Um dos maiores benefícios da IA é permitir testar rapidamente. Por isso, prender-se à primeira logo quase sempre é um erro.

O ideal é gerar várias versões, comparar estilos diferentes e observar qual comunica melhor a proposta da marca. Às vezes, a melhor opção surge justamente de uma direção que não parecia óbvia no início.

Esse processo leva poucos minutos, mas faz muita diferença no resultado final.

Passo 4: ajustar detalhes que elevam a qualidade

Depois de escolher uma direção visual, começa a etapa que realmente transforma uma logo comum em algo mais consistente.

Alguns ajustes simples costumam melhorar bastante o resultado:

  • Reduzir elementos desnecessários
  • Testar combinações de cores mais equilibradas
  • Ajustar espaçamentos entre símbolo e texto
  • Verificar leitura em fundo claro e escuro

São mudanças pequenas, mas que aumentam a sensação de profissionalismo.
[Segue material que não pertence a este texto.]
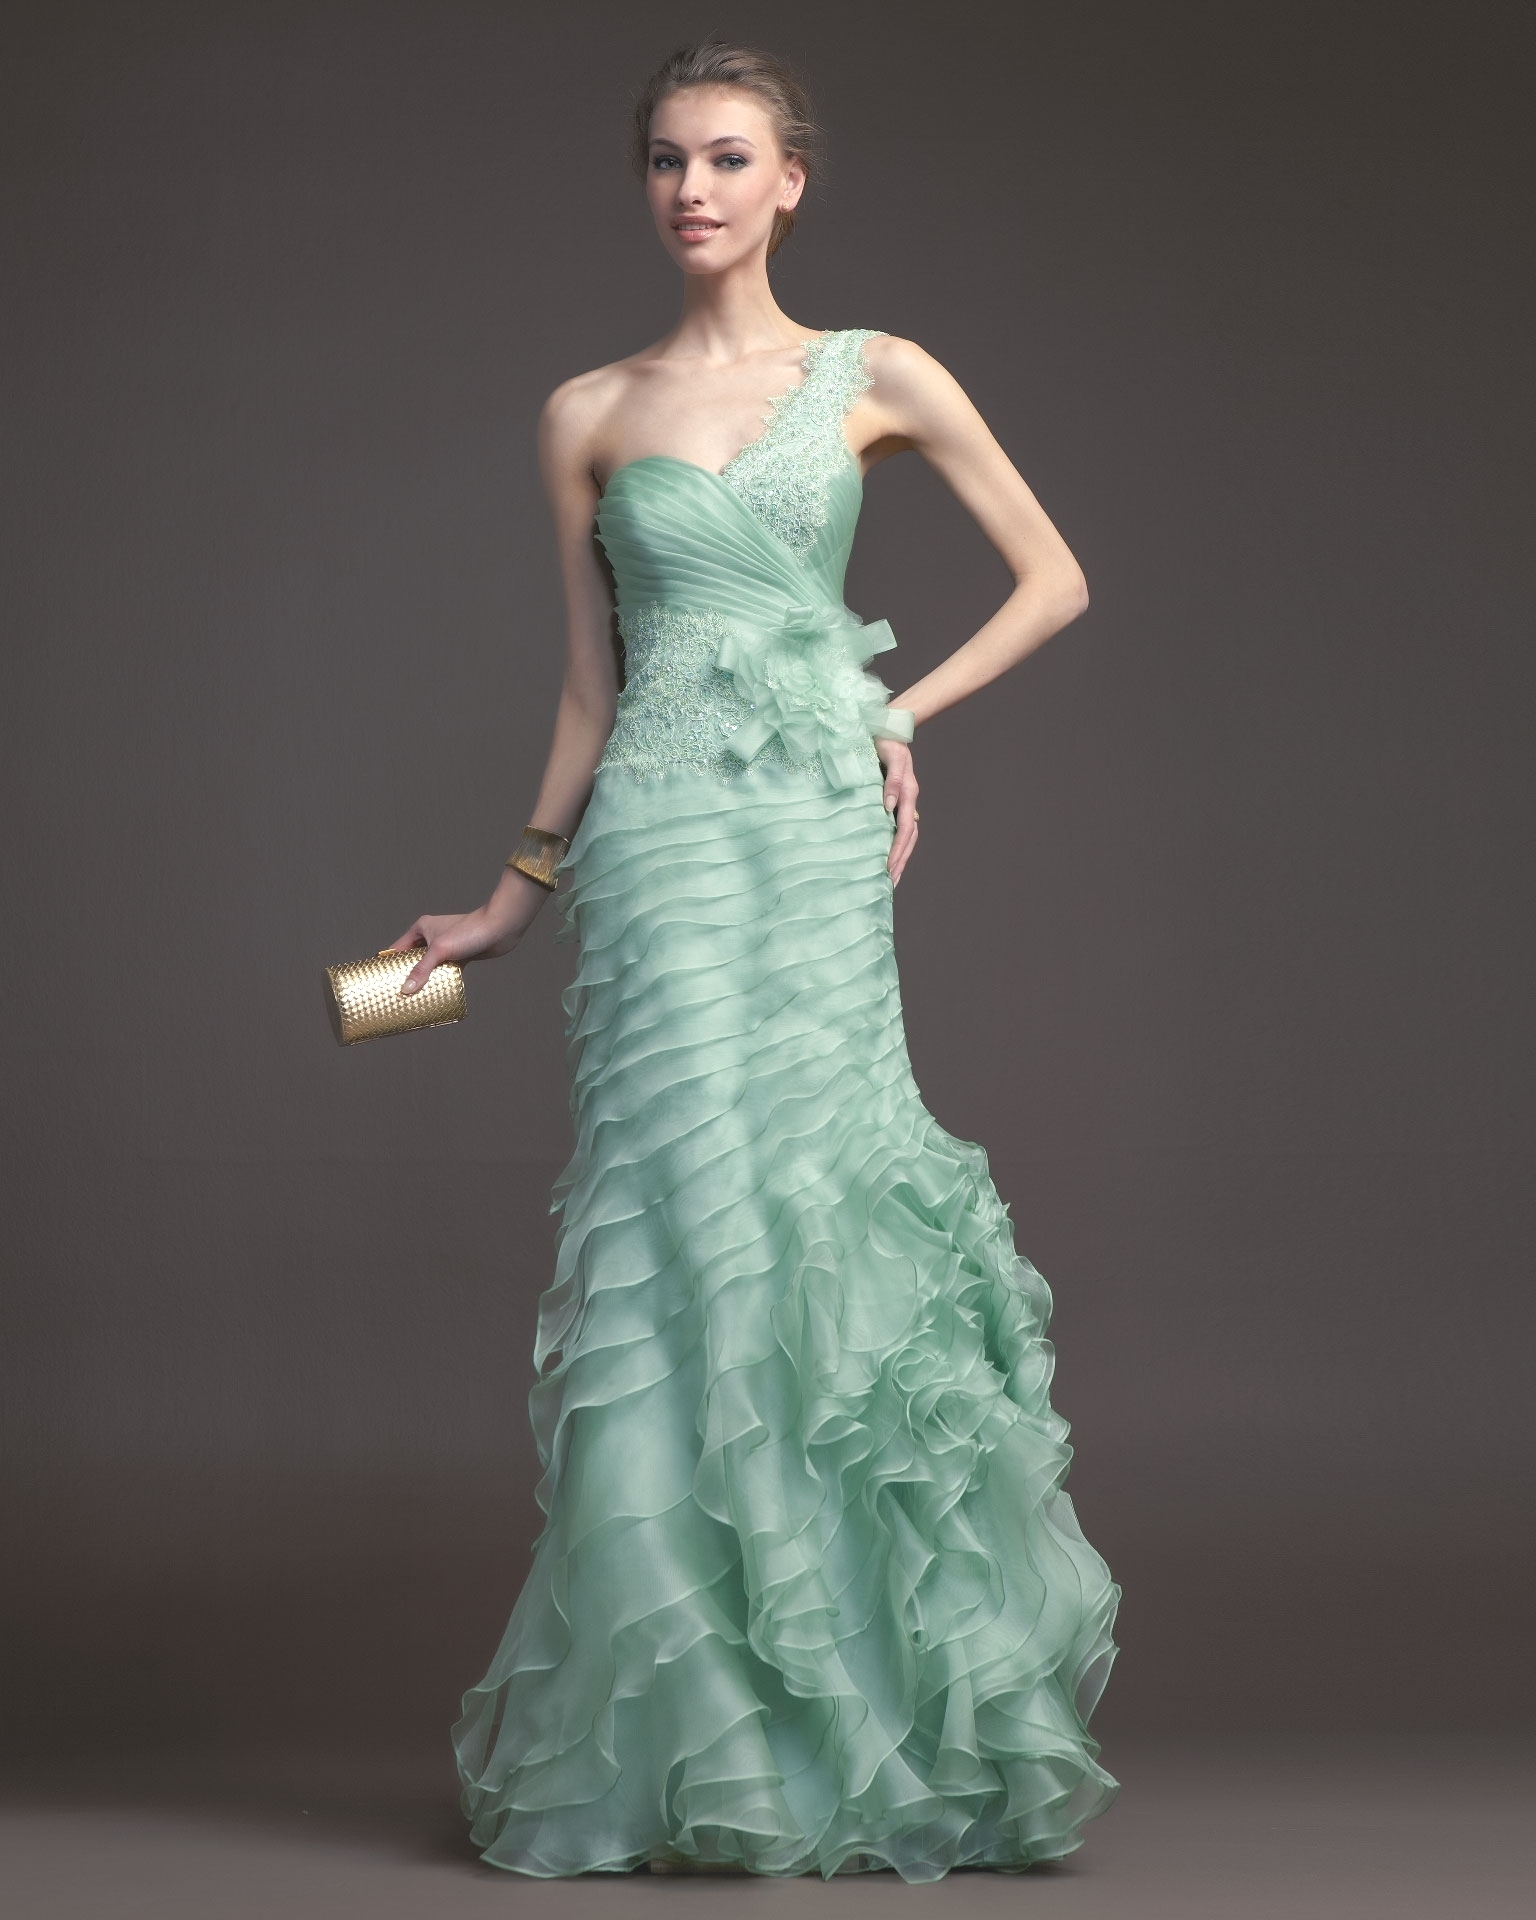 Вечерние платья для настоящих леди или коллекция Aire Barcelona 2014 года, фото № 54

Passo 5: validar antes de considerar finalizado

Antes de baixar os arquivos finais, vale fazer um teste rápido. Imagine a logo aplicada em situações reais:

  • Foto de perfil de rede social
  • Cabeçalho de site
  • Cartão de visita
  • Documento em preto e branco

Se ela continua clara e reconhecível nesses cenários, é um bom sinal de que está pronta para uso.

Erros comuns ao criar logos com IA

Mesmo com ferramentas avançadas, alguns equívocos ainda aparecem com frequência:

  • Escolher designs muito complexos
  • Usar cores sem relação com o posicionamento
  • Ignorar legibilidade em tamanhos pequenos
  • Seguir tendências visuais passageiras
  • Finalizar rápido demais sem testar aplicações

Evitar esses pontos já coloca a marca em um nível acima da média.
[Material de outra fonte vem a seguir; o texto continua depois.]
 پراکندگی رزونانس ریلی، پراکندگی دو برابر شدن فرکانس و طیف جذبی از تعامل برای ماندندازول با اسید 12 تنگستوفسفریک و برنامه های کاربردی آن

Vale a pena usar IA para criar logo em 2026?

Para a maioria dos negócios em fase inicial, a resposta é sim. A inteligência artificial reduziu tempo, custo e complexidade do processo, permitindo chegar a resultados utilizáveis com rapidez.

Isso não substitui totalmente o trabalho de design estratégico em marcas maiores, mas resolve muito bem a etapa inicial de identidade visual.

Na prática, a IA se tornou um caminho acessível para transformar ideias em marcas reais.

Conclusão

Criar uma logo profissional não precisa mais ser um processo lento ou caro. Em 2026, ferramentas com inteligência artificial permitem sair da ideia para uma identidade visual completa em poucos minutos, desde que exista clareza sobre o posicionamento da marca.

Seguindo um processo simples, escolhendo bem a ferramenta e dedicando atenção aos ajustes finais, já é possível alcançar um resultado consistente e pronto para uso.

E talvez essa seja a maior mudança dos últimos anos: hoje, começar deixou de ser a parte mais difícil.